**WHAT IS EXPECTED**
Your answer should be an exact copy of the lines from the one holding "City of Fredericksburg River Cruises" to the end of the material below, pictures left out.

**SUPPLIED INFORMATION**

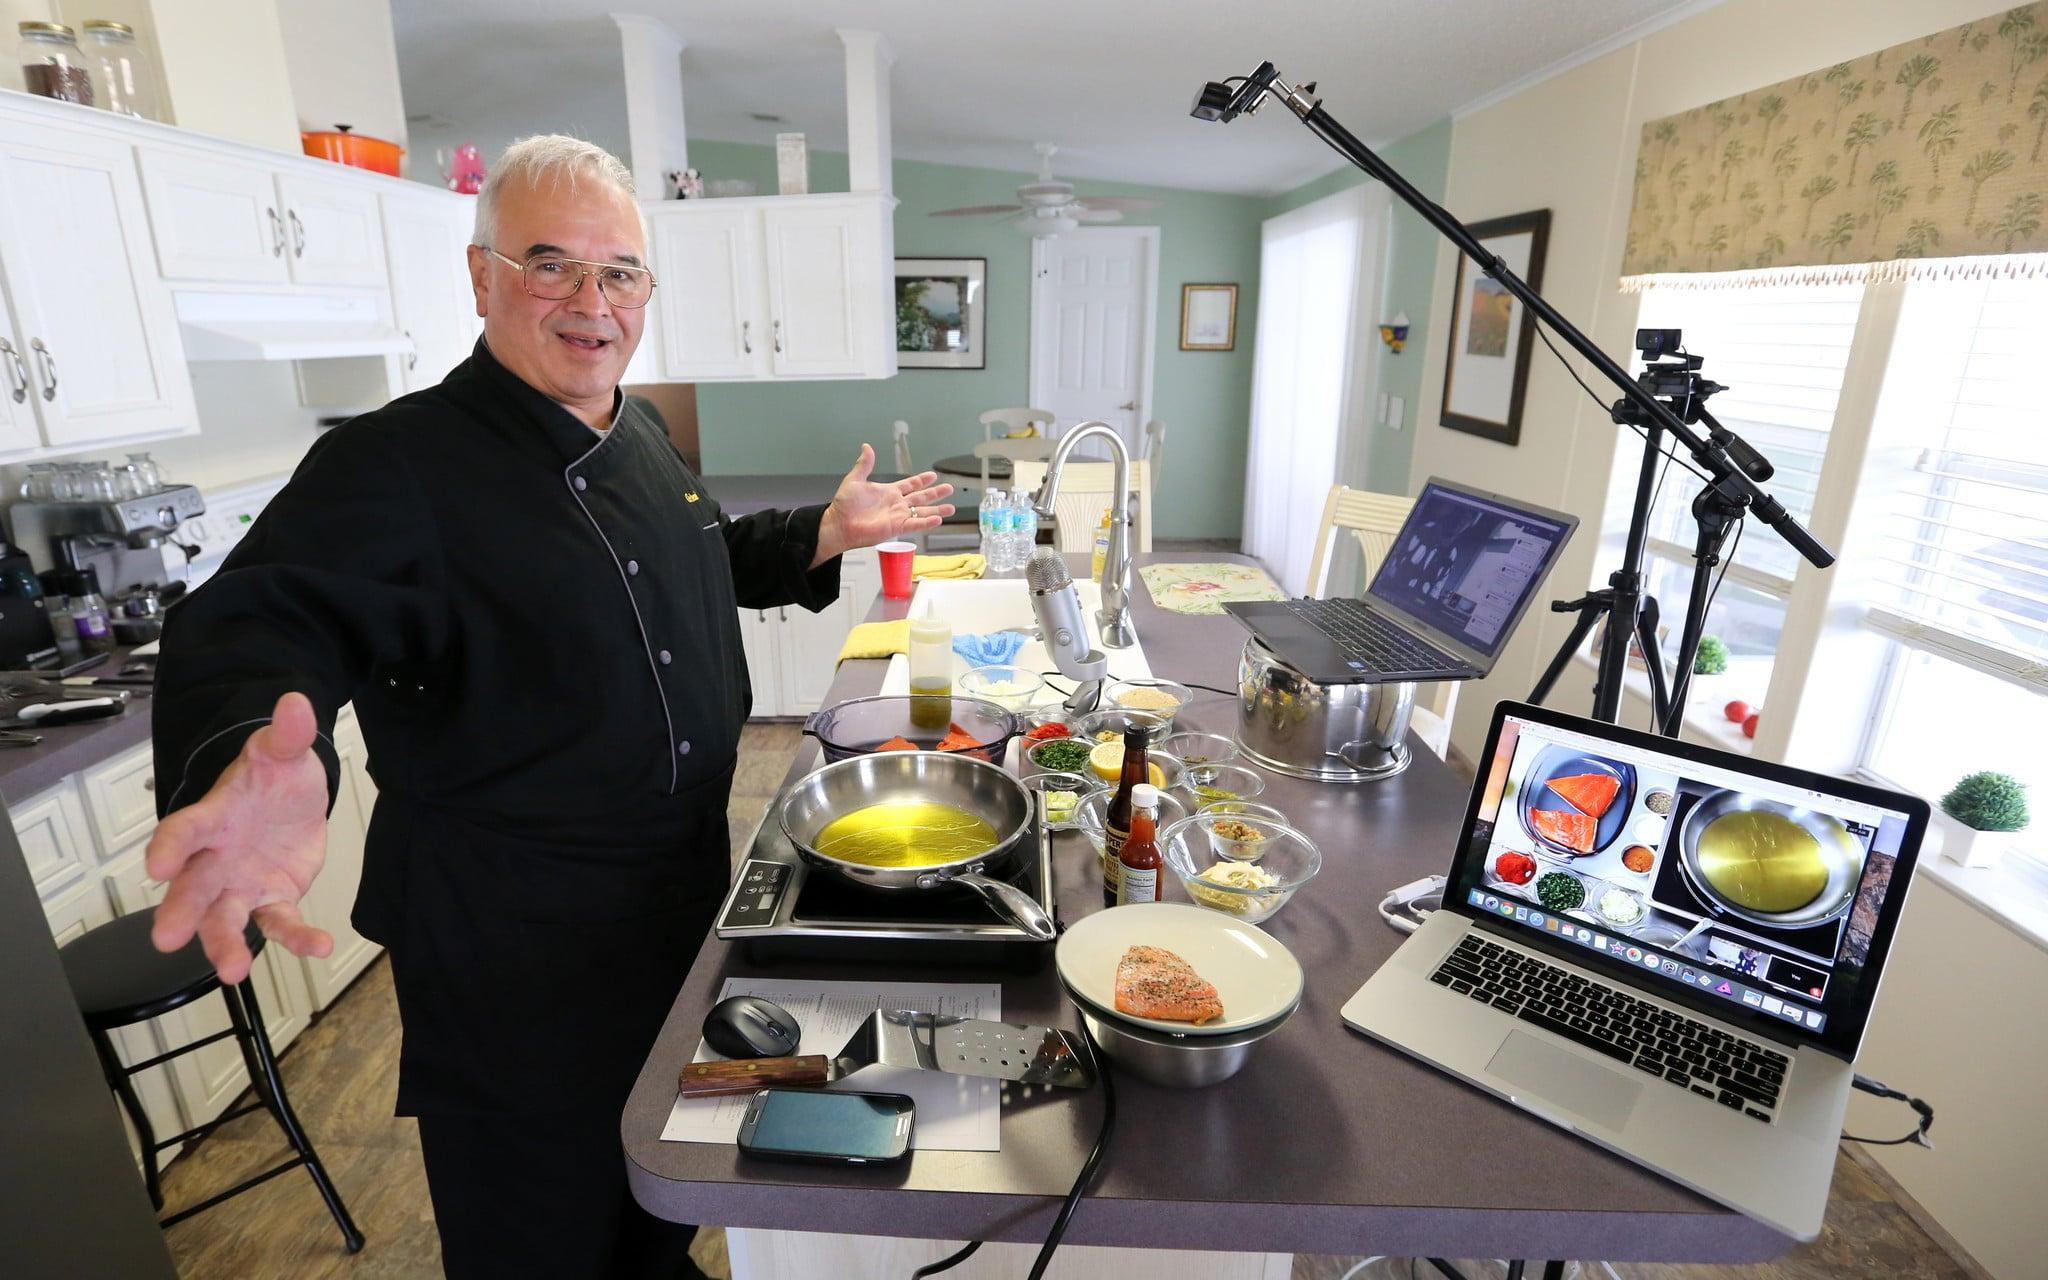 Chef Dennis Littley live streaming
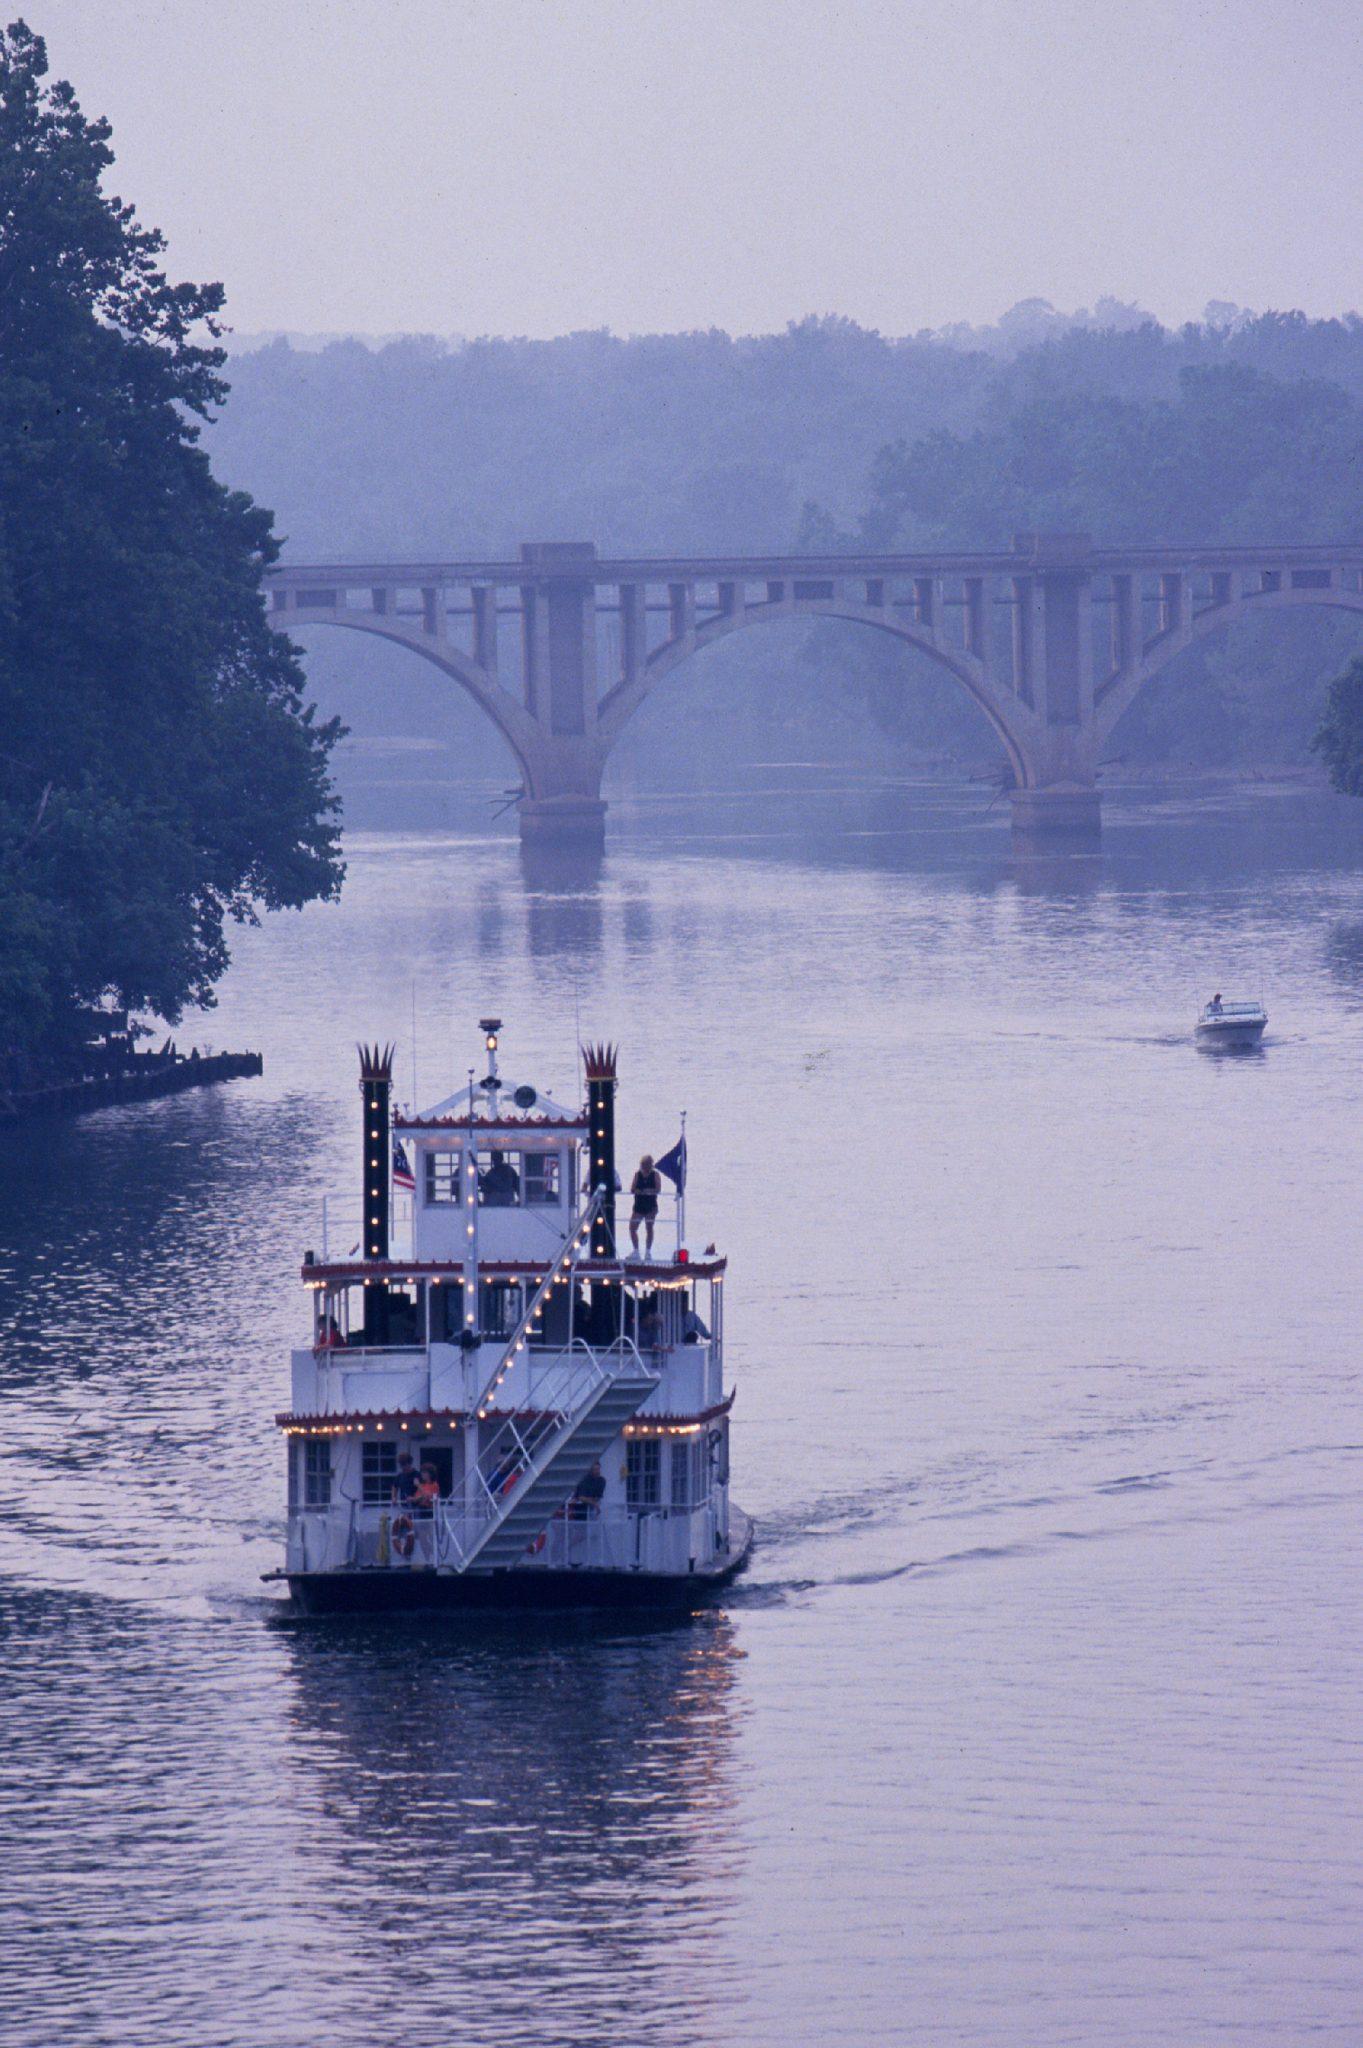 City of Fredericksburg River Cruises
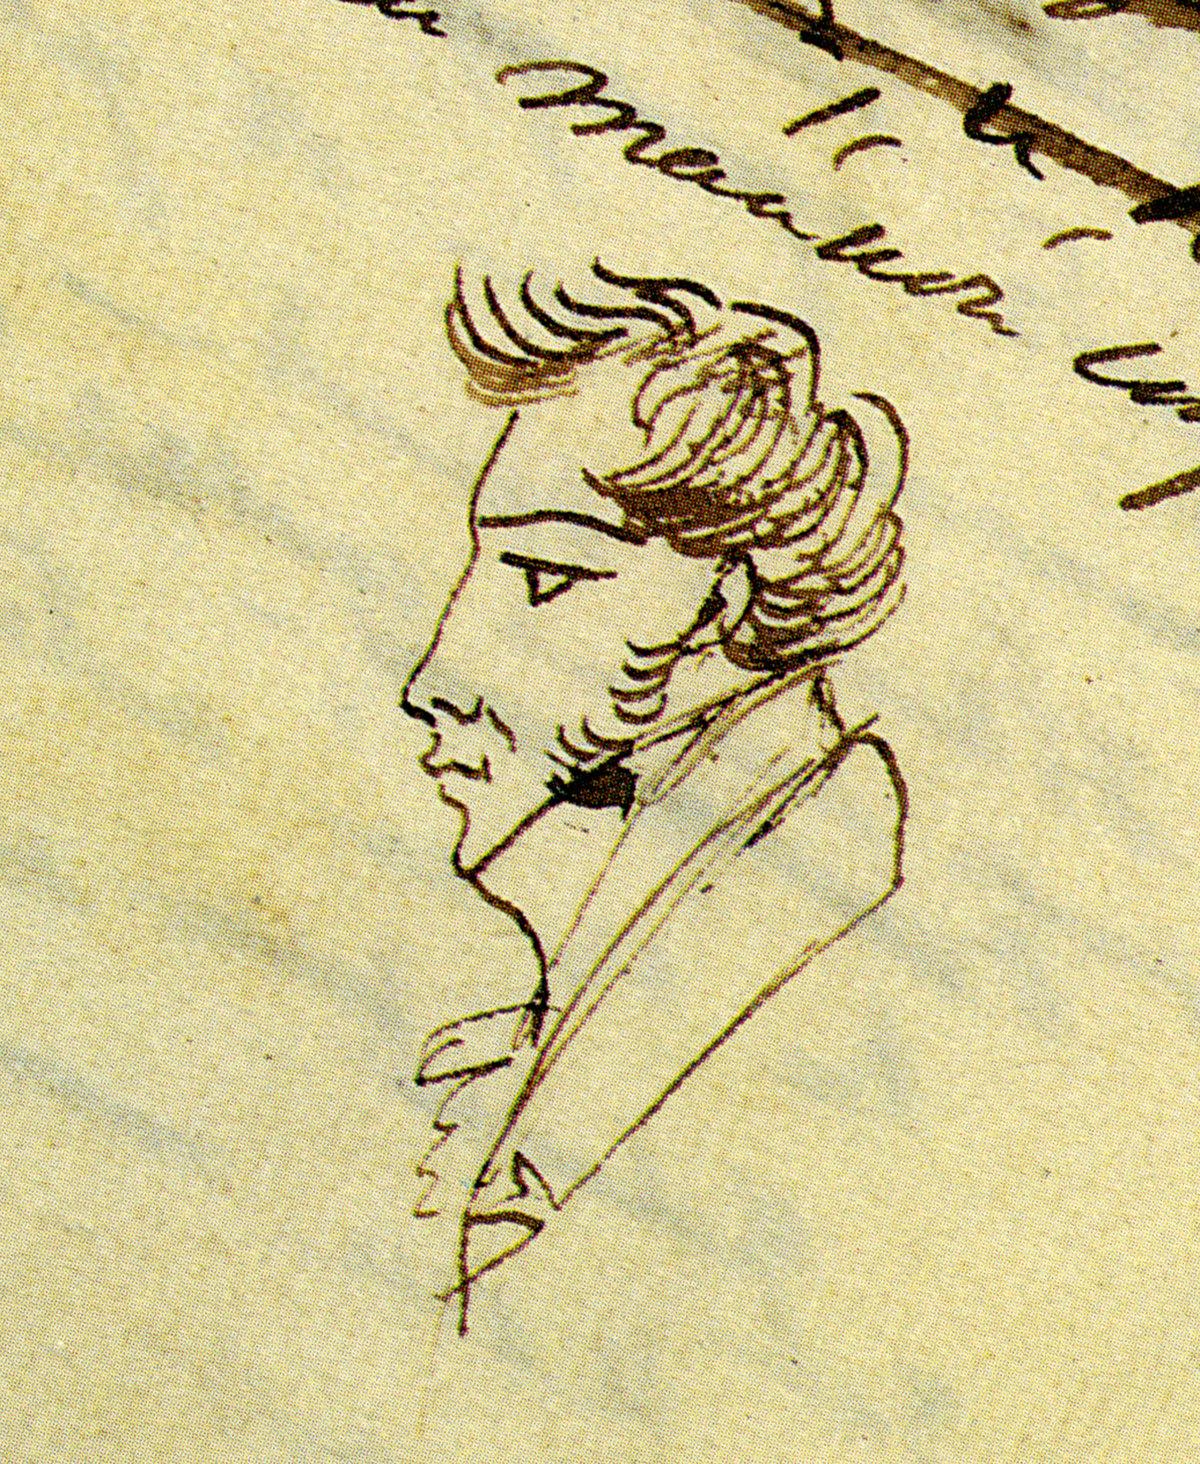 астрономы полякова татьяна лицейский пушкин картинки фото
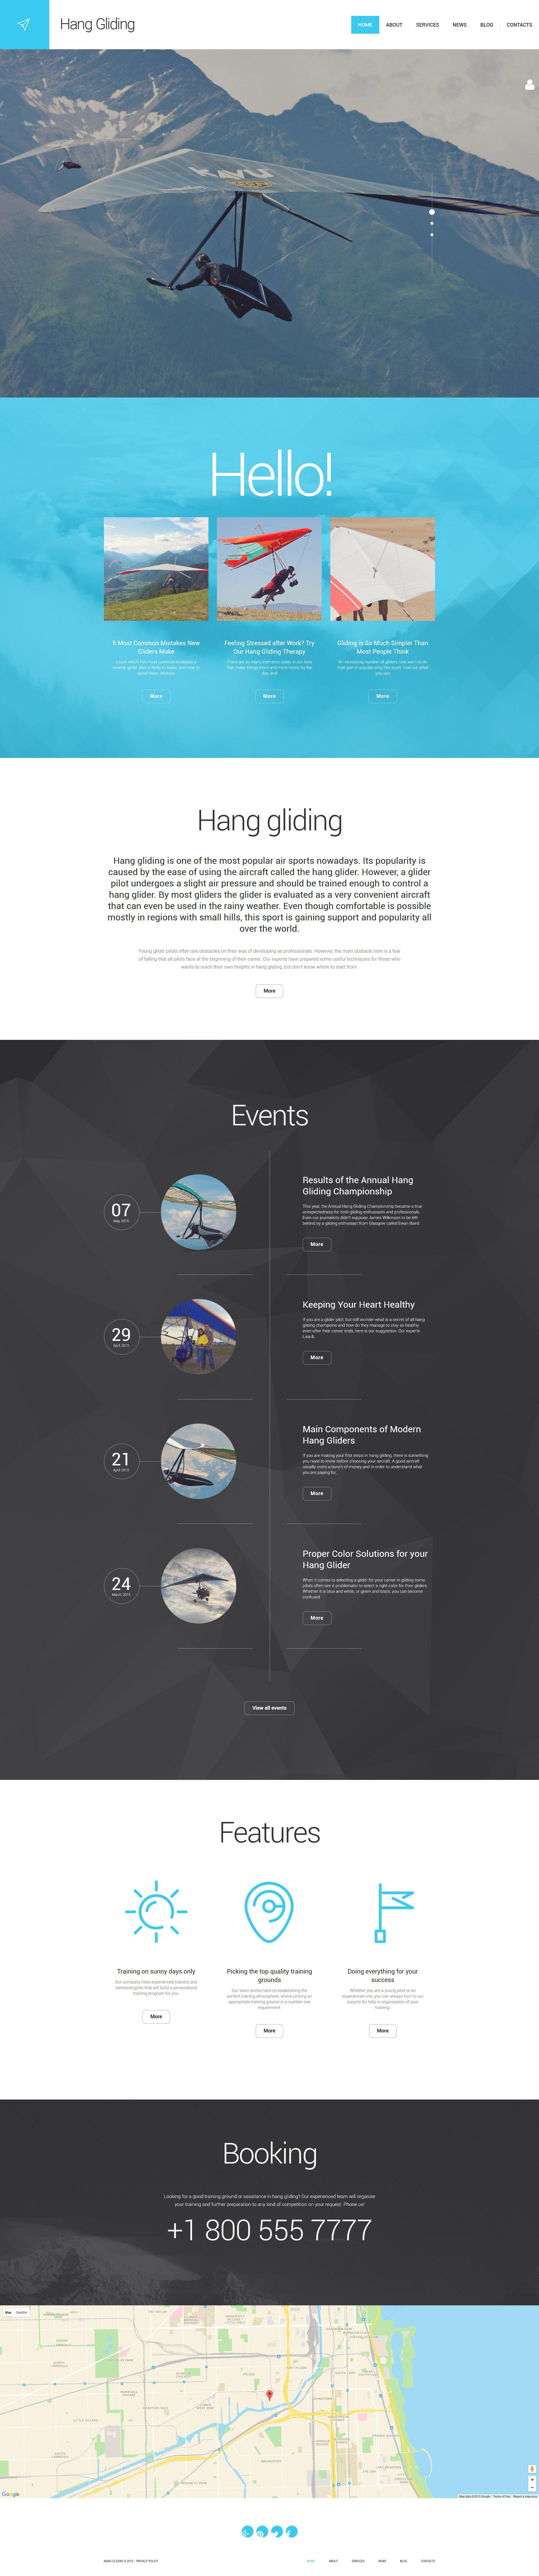 Hang Gliding WordPress Theme - screenshot

**COMPLETED TASK**
 City of Fredericksburg River Cruises
 астрономы полякова татьяна лицейский пушкин картинки фото
 Hang Gliding WordPress Theme - screenshot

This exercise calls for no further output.